¹⁷ Department of Human Molecular Genetics and Biochemistry, Sackler School of Medicine, Tel Aviv University, Tel Aviv 6997801, Israel

¹⁸ Edmond J. Safra Center for Bioinformatics, Tel Aviv University, Tel Aviv 6997801, Israel

¹⁹ School of Computer Science, Tel-Aviv University, Tel-Aviv 6997801, Israel

²⁰ Department of Physical Chemistry, Tel Aviv University, Tel Aviv 6997801, Israel

²¹ Edmond J. Safra Center for Bioinformatics, Tel Aviv University, Tel Aviv 6997801, Israel

^✉

To whom correspondence should be addressed. uv@post.tau.ac.il or roded@tauex.tau.ac.il

PMCID: PMC8275347 PMID: 34252972

Abstract

Motivation

While promoter methylation is associated with reinforcing fundamental tissue identities, the methylation status of distant enhancers was shown by genome-wide association studies to be a powerful determinant of cell-state and cancer. With recent availability of long reads that report on the methylation status of enhancer–promoter pairs on the same molecule, we hypothesized that probing these pairs on the single-molecule level may serve the basis for detection of rare cancerous transformations in a given cell population. We explore various analysis approaches for deconvolving cell-type mixtures based on their genome-wide enhancer–promoter methylation profiles.

Results

To evaluate our hypothesis we examine long-read optical methylome data for the GM12878 cell line and myoblast cell lines from two donors.
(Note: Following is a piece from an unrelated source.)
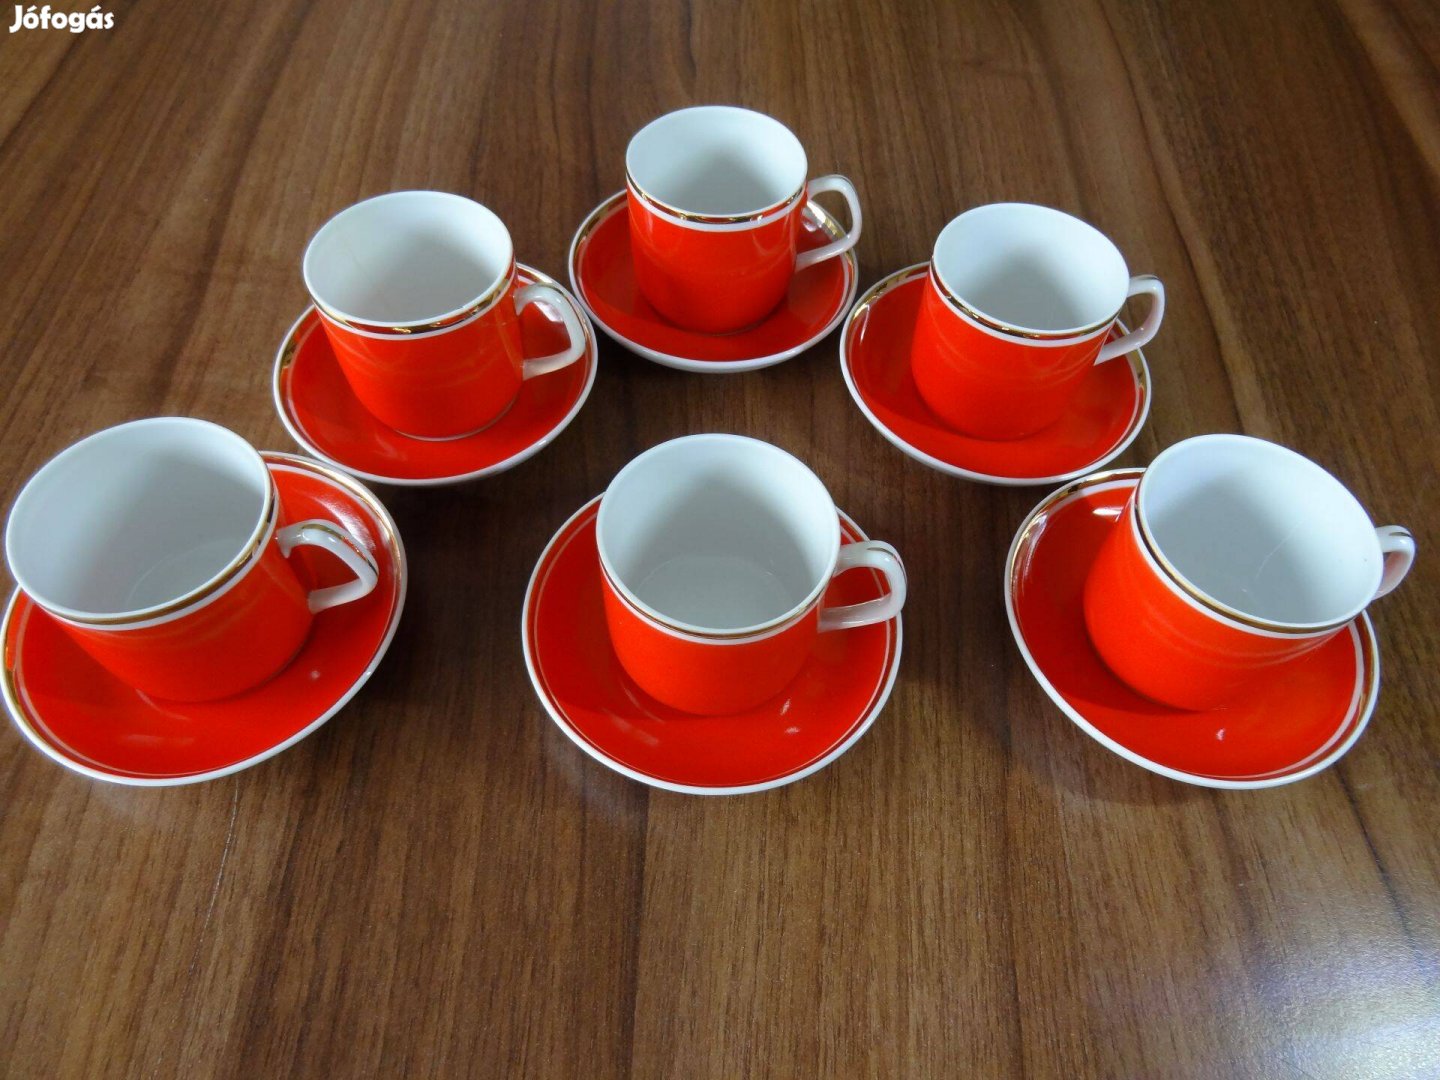 Hollóházi porcelán retró kávés készlet / ritka, élénk piros színben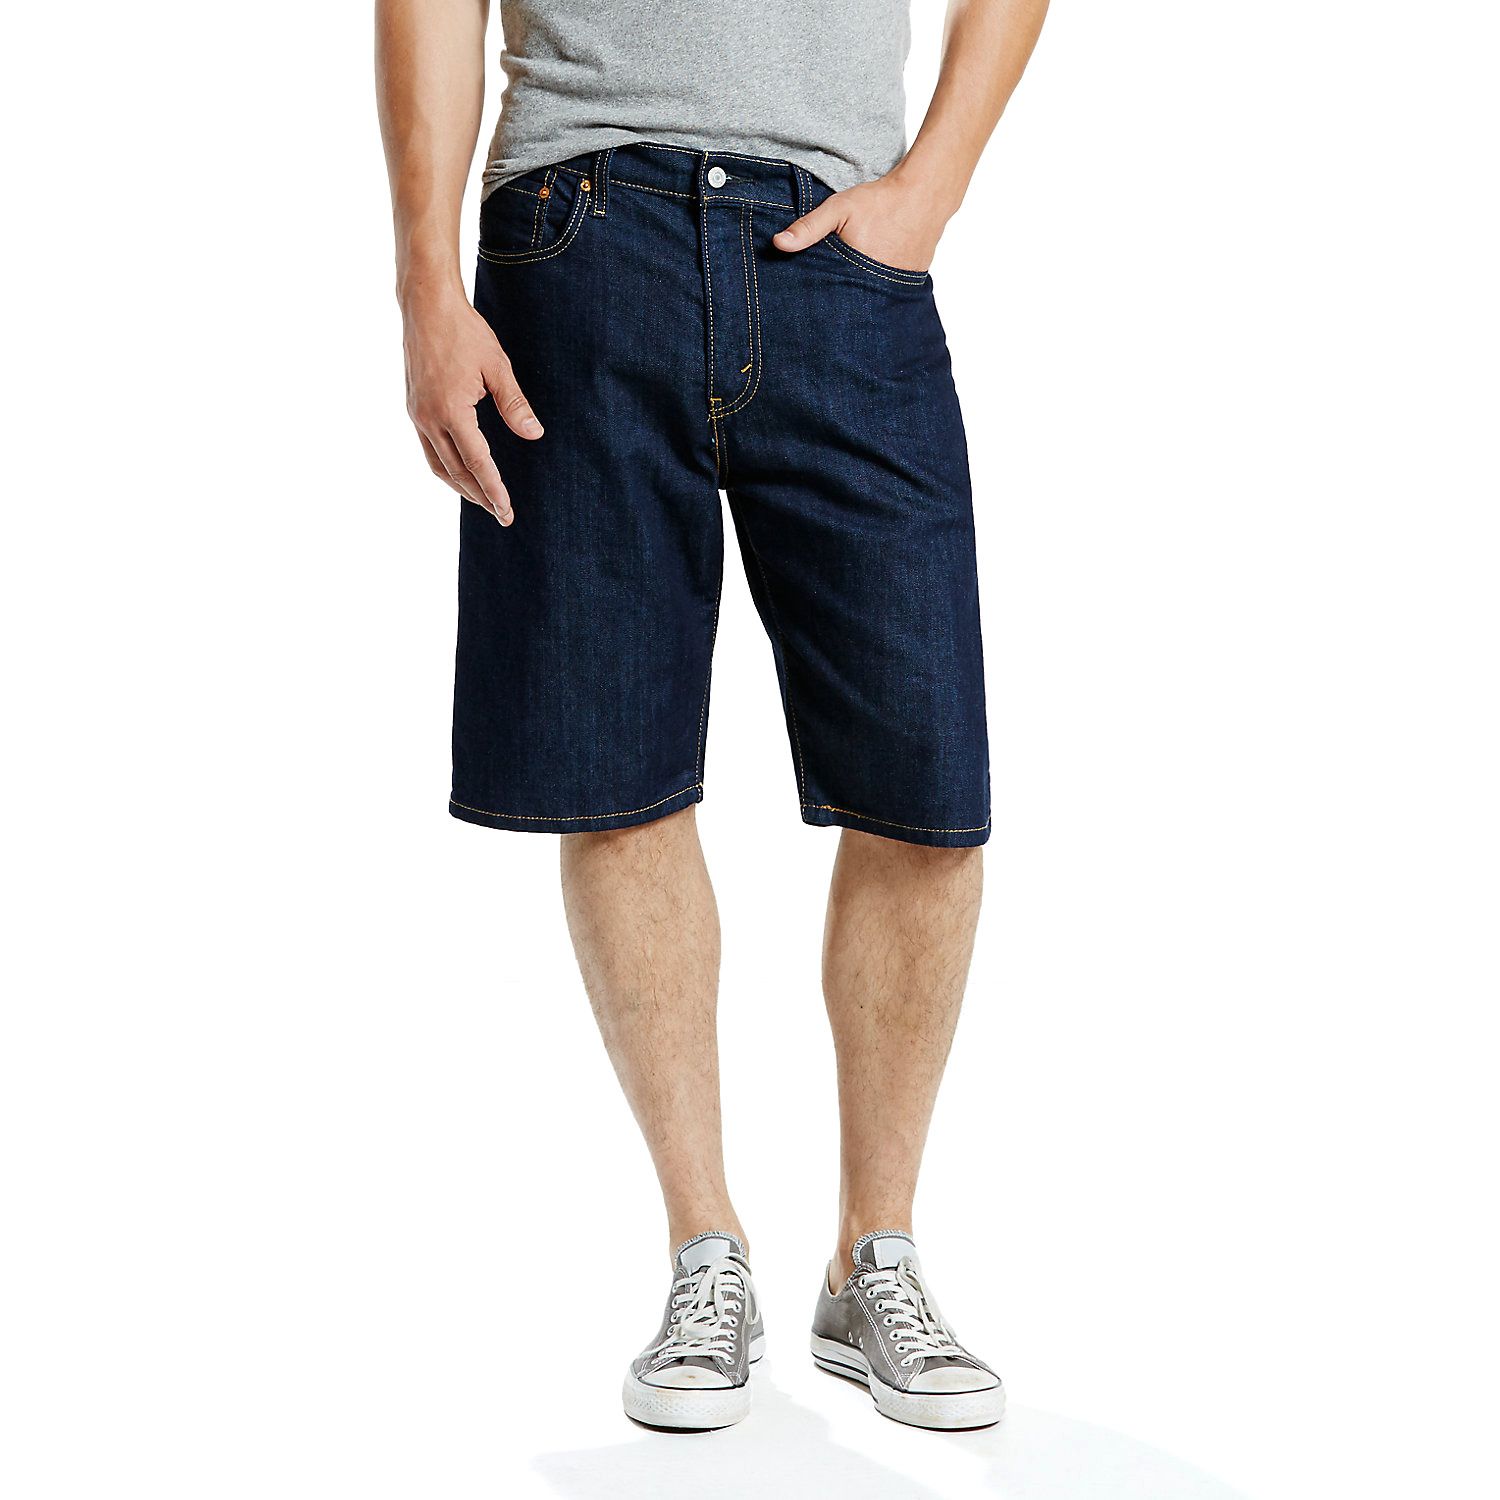 levis 569 shorts

We identified over 100 000 enhancer–promoter pairs that co-exist on at least 30 individual DNA molecules. We developed a detailed methodology for mixture deconvolution and applied it to estimate the proportional cell compositions in synthetic mixtures. Analysis of promoter methylation, as well as enhancer–promoter pairwise methylation, resulted in very accurate estimates. In addition, we show that pairwise methylation analysis can be generalized from deconvolving different cell types to subtle scenarios where one wishes to resolve different cell populations of the same cell-type.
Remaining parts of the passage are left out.